Tweens especially are in a time of transition. Amongst their peers many social roles are established simply by who is willing to step up. Encourage your children in leadership roles that compliment their personality. One of the slogans we use with the teens is “Don’t be afraid – be a friend”. This may be a good memory verse to share with your child if they find themselves involved in a bullying situation where they need to step up:

Deuteronomy 31:6 ESV

“Be strong and courageous. Do not fear or be in dread of them, for it is the Lord your God who goes with you. He will not leave you or forsake you.”

Step Over (not on)

Once I saw a video on a nature channel about a mother bear and her cubs. I vividly remember the look in the mother’s eyes and body language when she realized the camera crew was stepping closer to her cubs. She had been grazing behind them comfortably, but seeing the possible danger she moved to step over her cubs and re-situate herself between them and the camera man. If you notice your child is the target of bullies, don’t be afraid to step between them and the bully to bring balance and protection to the situation.
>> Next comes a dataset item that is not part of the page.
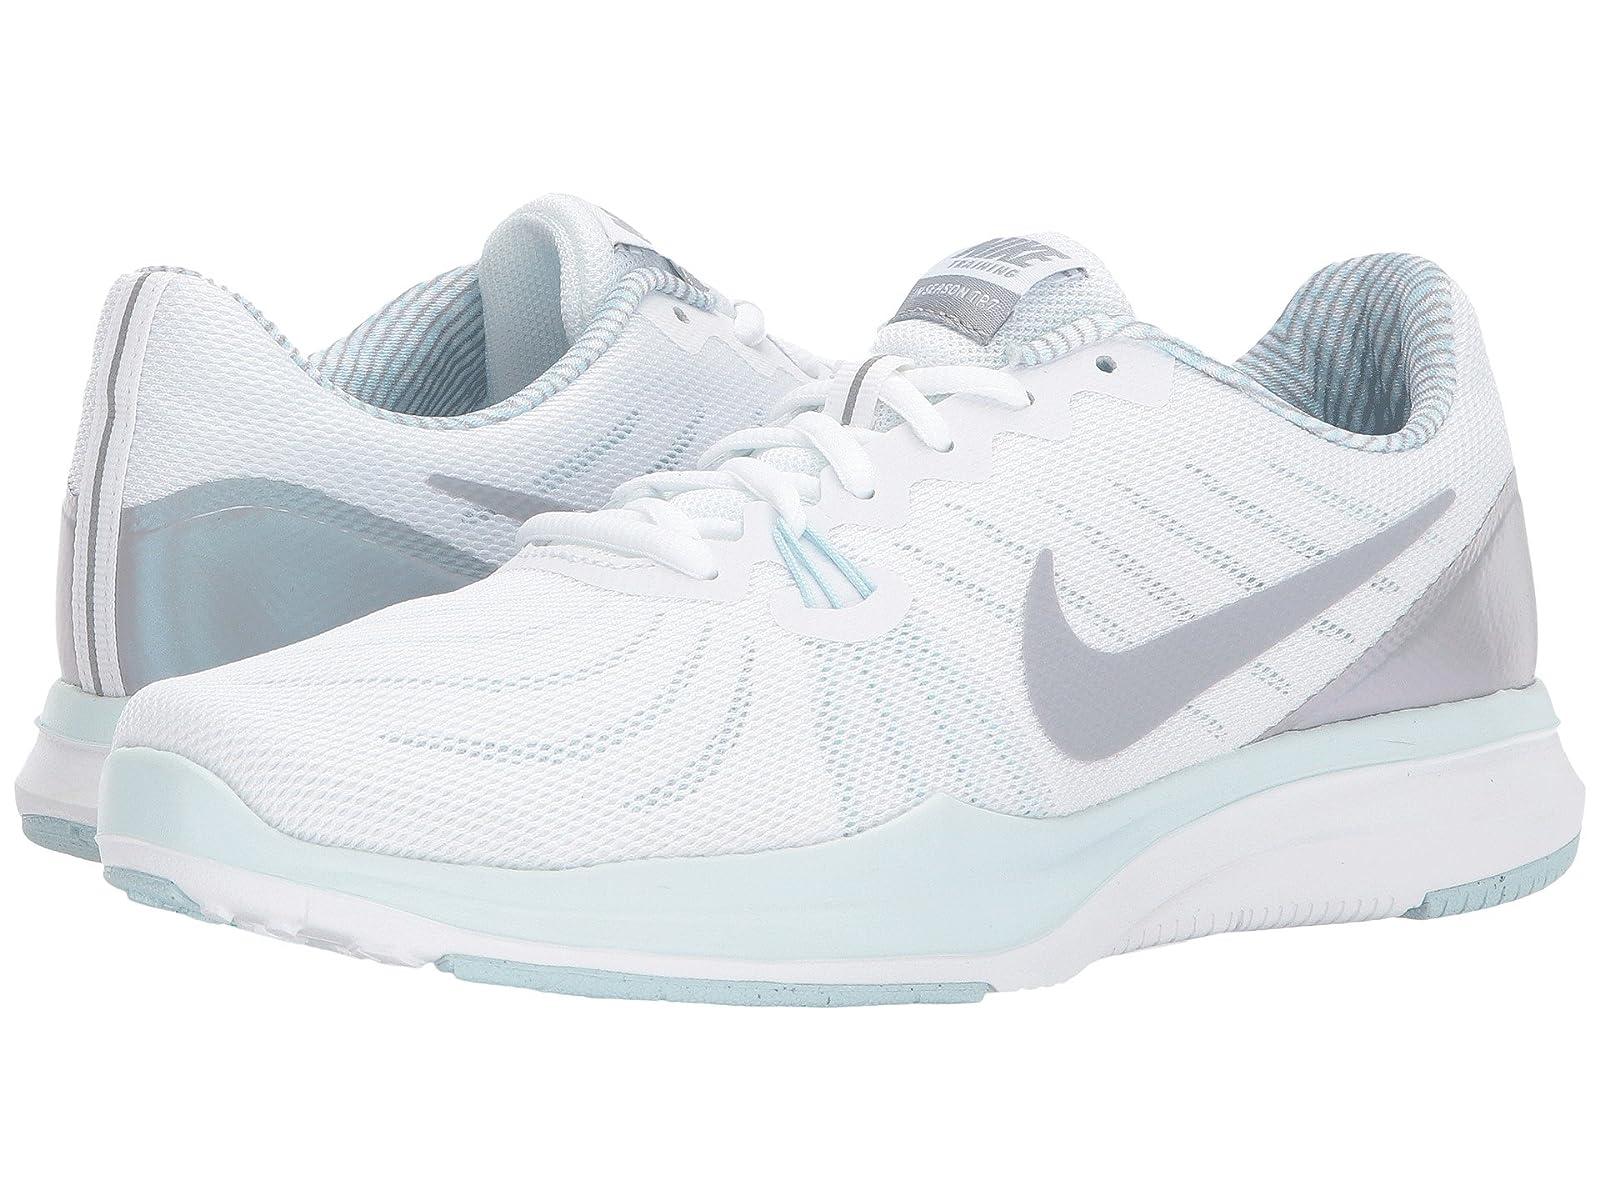 Man/Woman-Men's/Women's:Nike -Take In-Season 7 : Quotation -Take Man/Woman-Men's/Women's:Nike full advantage of materials 9b2fc6

“Doing the same thing over and over again and expecting different results.”

This definition by Albert Einstein of insanity could easily be applied in this arena as well. We cannot continue moving in the same direction and stay in the same patterns but expect things to change. Sit down with your spouse and then with your tween and figure out as a team what steps you all need to take regarding your specific situation. Step one should always be to our knees in prayer as we seek first the Kingdom.

-Courtney Alberson

Courtney is Generation of Virtue’s lead solutions specialist. Which is a fancy way of saying she handles the team’s many IT needs and spends a lot of time in Photoshop. When she’s not finding solutions to problems, Courtney enjoys communicating God’s truth about love and relationships to teenagers and…drinking coffee.